Ethnopharmacological relevance: Saururus chinensis (Lour.) Baill (Saururaceae), also known as Asian lizard's tail, is a plant commonly found in East Asia. Its leaves have been used in traditional medicine to treat many diseases such as edema, pneumonia, hypertension, leproma, jaundice, gonorrhea, and rheumatoid arthritis.
Aim of the study: Based on the efficacies of S. chinensis, the anti-inflammatory effects of this plant and the molecular mechanism were evaluated using the ethanol extract of S. chinensis leaves (Sc-EE).
Materials and methods: The production of pro-inflammatory mediators and cytokines in response to Sc-EE was evaluated using Griess and semi-quantitative reverse transcription-polymerase chain reactions. Furthermore, relevant proteins including c-Jun, c-Fos, p38, JNK, ERK, MEK1/2, MKK3/6, MKK4/7, and TAK1 were detected through immunoblotting.
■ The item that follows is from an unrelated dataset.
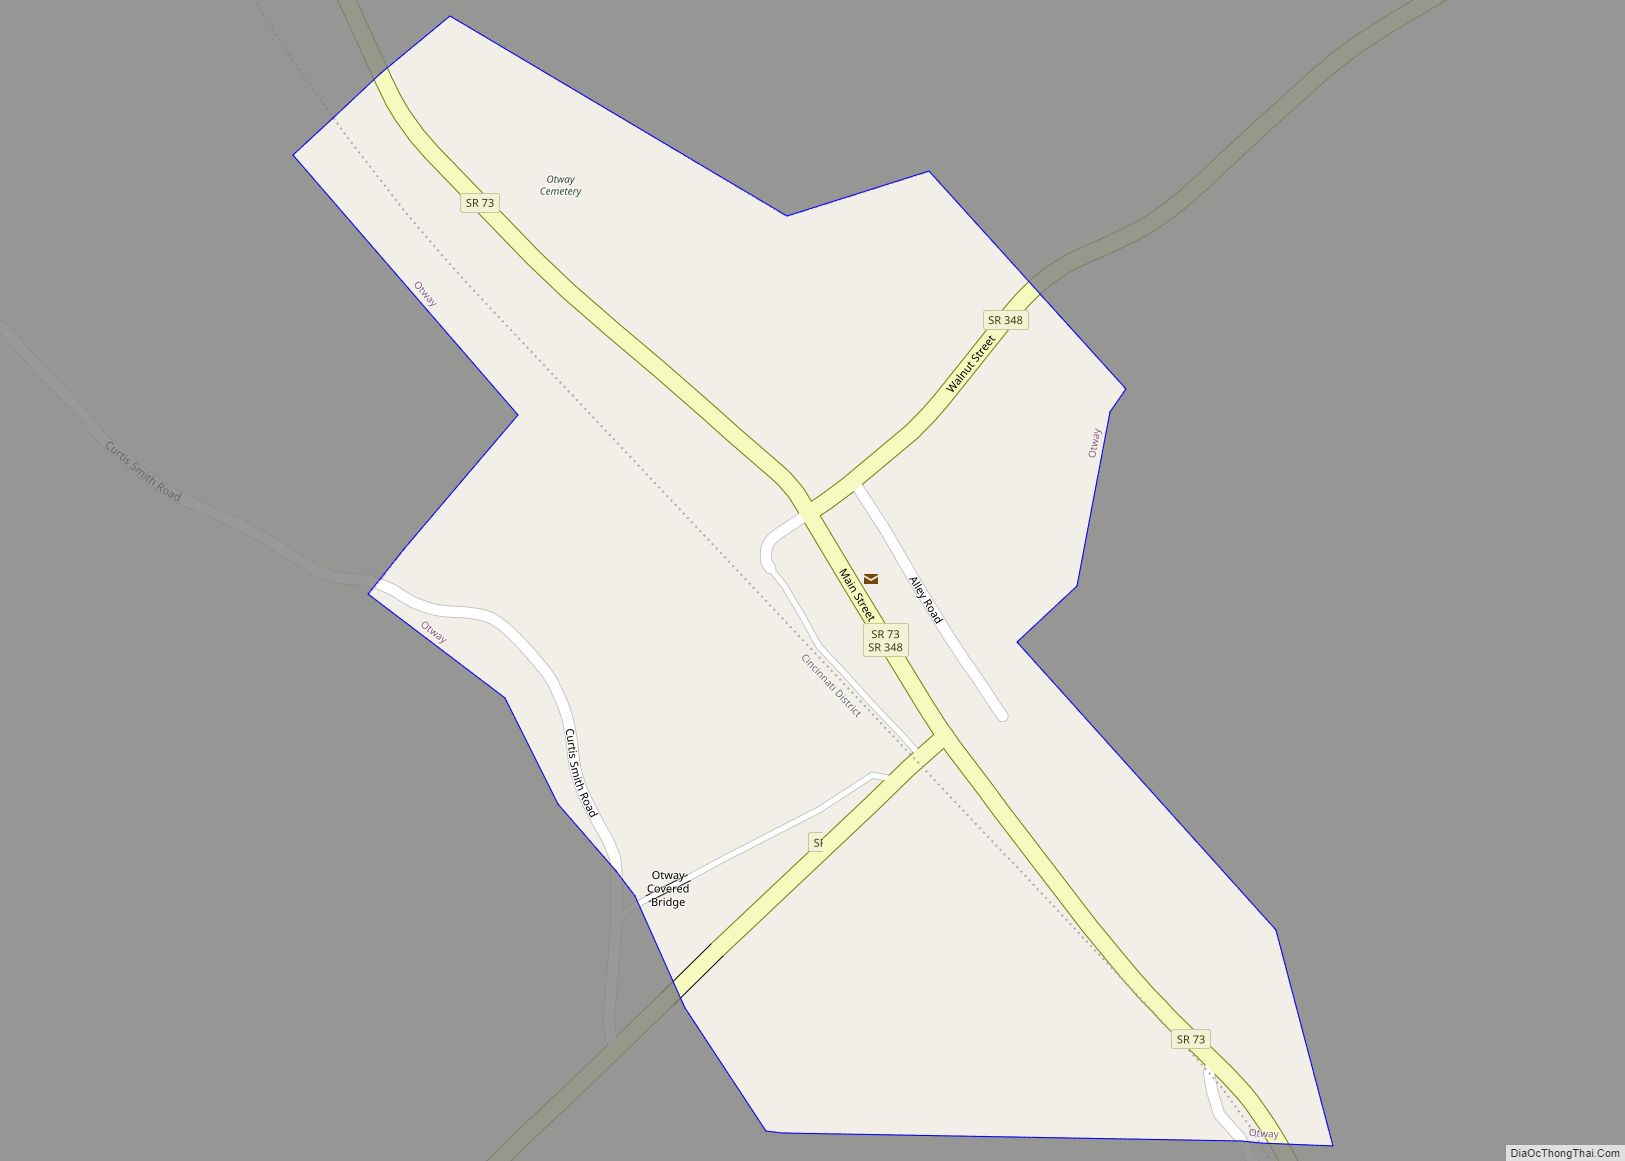 Map of Otway village

Results: Sc-EE diminished production of nitric oxide (NO); decreased expression levels of cyclooxygenase (COX)-2, interleukin (IL)-6, inducible NO synthase (iNOS), and IL-1β in LPS-stimulated RAW264.7 cells; and attenuated activator protein 1 (AP-1)-mediated luciferase activities. The extract markedly downregulated the phosphorylation of TAK1, upregulated thermal stability of TAK1, and reduced TAK1/AP-1-mediated luciferase activity in LPS-treated RAW264.7 cells and TAK1-overexpressing HEK293T cells.
Conclusions: These results demonstrated that Sc-EE suppresses pro-inflammatory gene expression through blockade of the TAK1/AP-1 pathway in LPS-treated RAW264.7 macrophages, implying that inhibition of TAK1/AP-1 signaling by S. chinensis is a key event in its anti-inflammatory activity.
Keywords: AP-1 signaling pathway; Anti-inflammatory activity; Saururus chinensis (Lour.) Baill (Saururaceae); TAK1.